Yes, that's likely to be a bad thing. The current requirement is that the call
instruction must have a debug location if the caller and callee have debug info
and the call site is inlinable.

If that requirement is violated => badness.

If you can create a small test case where that happens, that'd be great.
Quuxplusone commented 9 years ago

This file is the result of a bitcode link of some files which have debug info (libc++) and some which do not (all the user files).

I'll try to see if the invariant you mentioned is getting violated in that process. It's also possible that one of the passes we run is dropping something it shouldn't.

Quuxplusone commented 9 years ago
In my linked bitcode file, there are some calls to middle which have dbg
attachments (in this case from libgtest, which is built with debug info), and
some calls which do not (other user files built without debug info).
Middle is a comdat function, and the one included in the link output has no dbg
attachments (presumably the copies from those files that were built with debug
info had the attachments).
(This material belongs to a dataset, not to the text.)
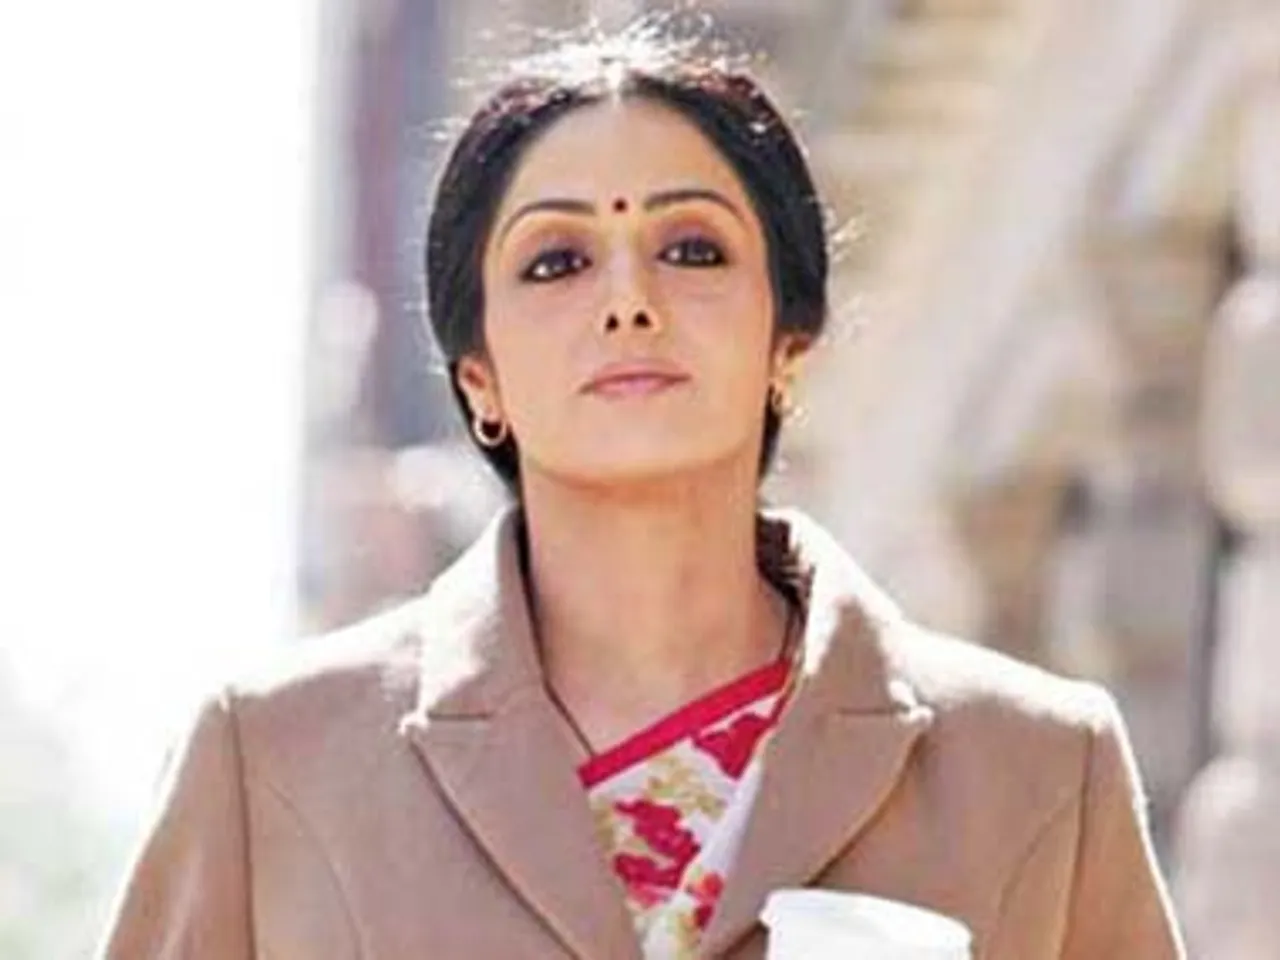 Sridevi 'Accidentally Drowned' In Hotel Bathtub: Forensic Report
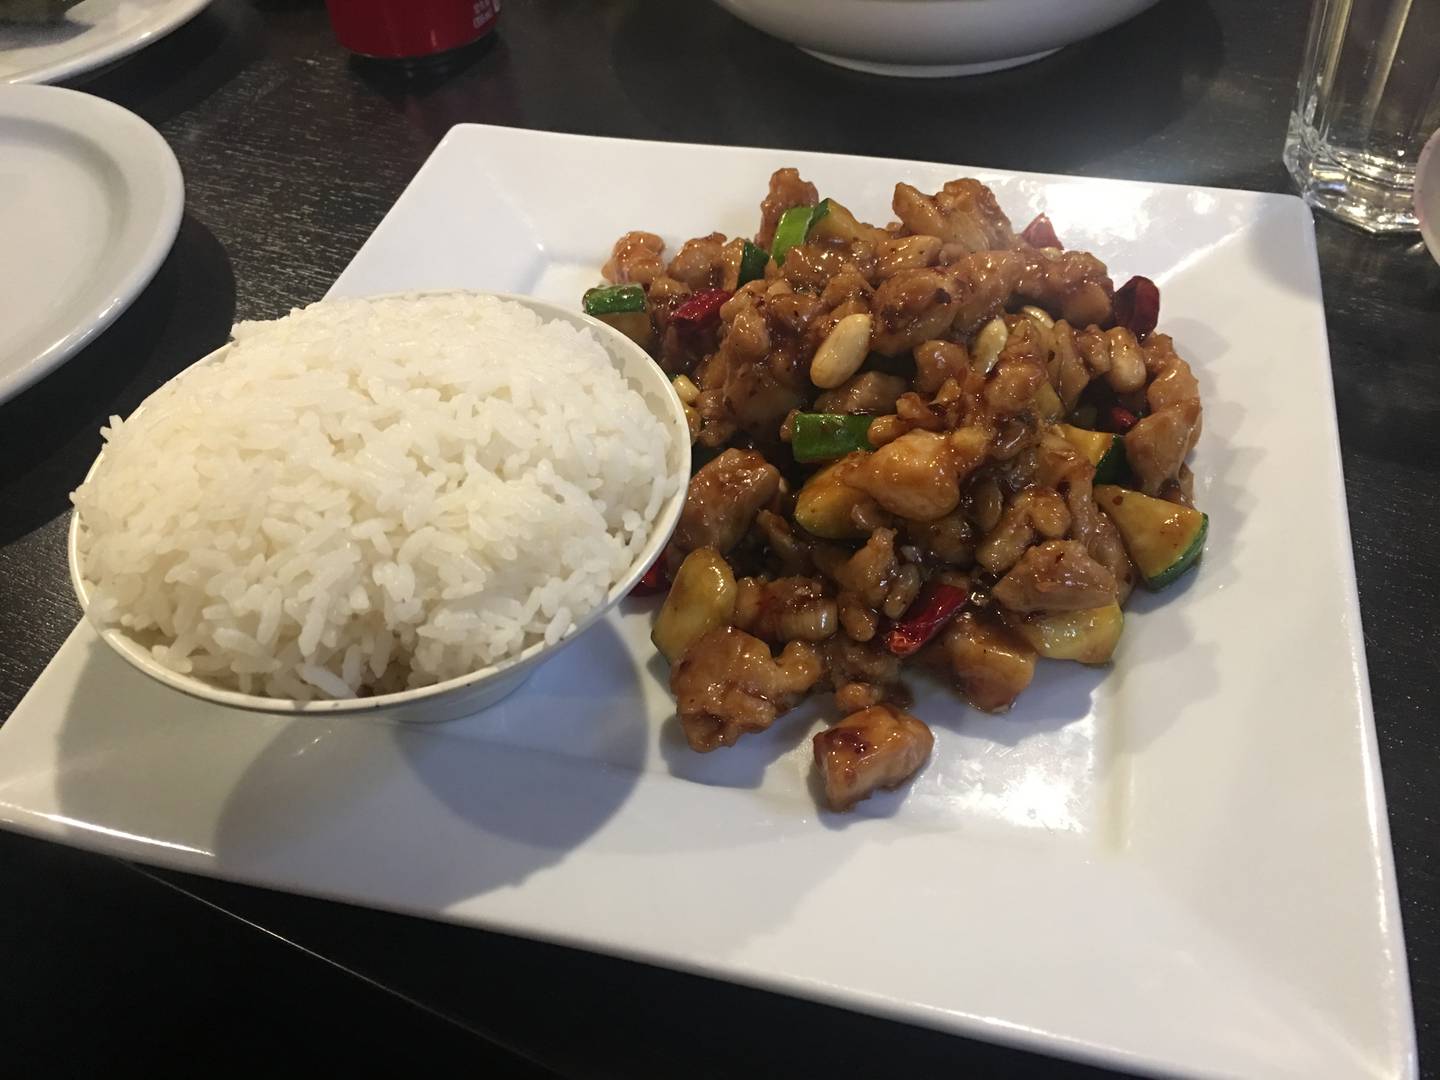 Kung Pao lunch special at Jimmy's Asian Food restaurant in Anchorage.

There is also a DISubprogram for middle. I guess if
the callee (middle) has no dbg attachements it should not have a DISubprogram?
I guess I should look at the behavior of the linker in that case?
Quuxplusone commented 9 years ago
Ah, that does sound like it could be an LTO bug:

Build one object (bitcode) file without debug info
Build one object (bitcode) file with debug info.

Have the same comdat function in both.

Choose the non-debug-having implementation of the function, while keeping the
subprogram debug info from the debug-having implementation.

Duncan, does that sound like a thing that can/would happen?

Once we put subprogram debug info as a function metadata attachment, would that
fix this bug?
Quuxplusone commented 9 years ago
(In reply to comment #11)
> Ah, that does sound like it could be an LTO bug:
>
> Build one object (bitcode) file without debug info
> Build one object (bitcode) file with debug info.
>
> Have the same comdat function in both.
>
> Choose the non-debug-having implementation of the function, while keeping
> the subprogram debug info from the debug-having implementation.
>
> Duncan, does that sound like a thing that can/would happen?

Yes, that sounds possible.

> Once we put subprogram debug info as a function metadata attachment, would
> that fix this bug?

Yes, I think so.  That's tracked by bug 23367, which I'm hoping to get back to
soon (along with a bunch of follow-ups).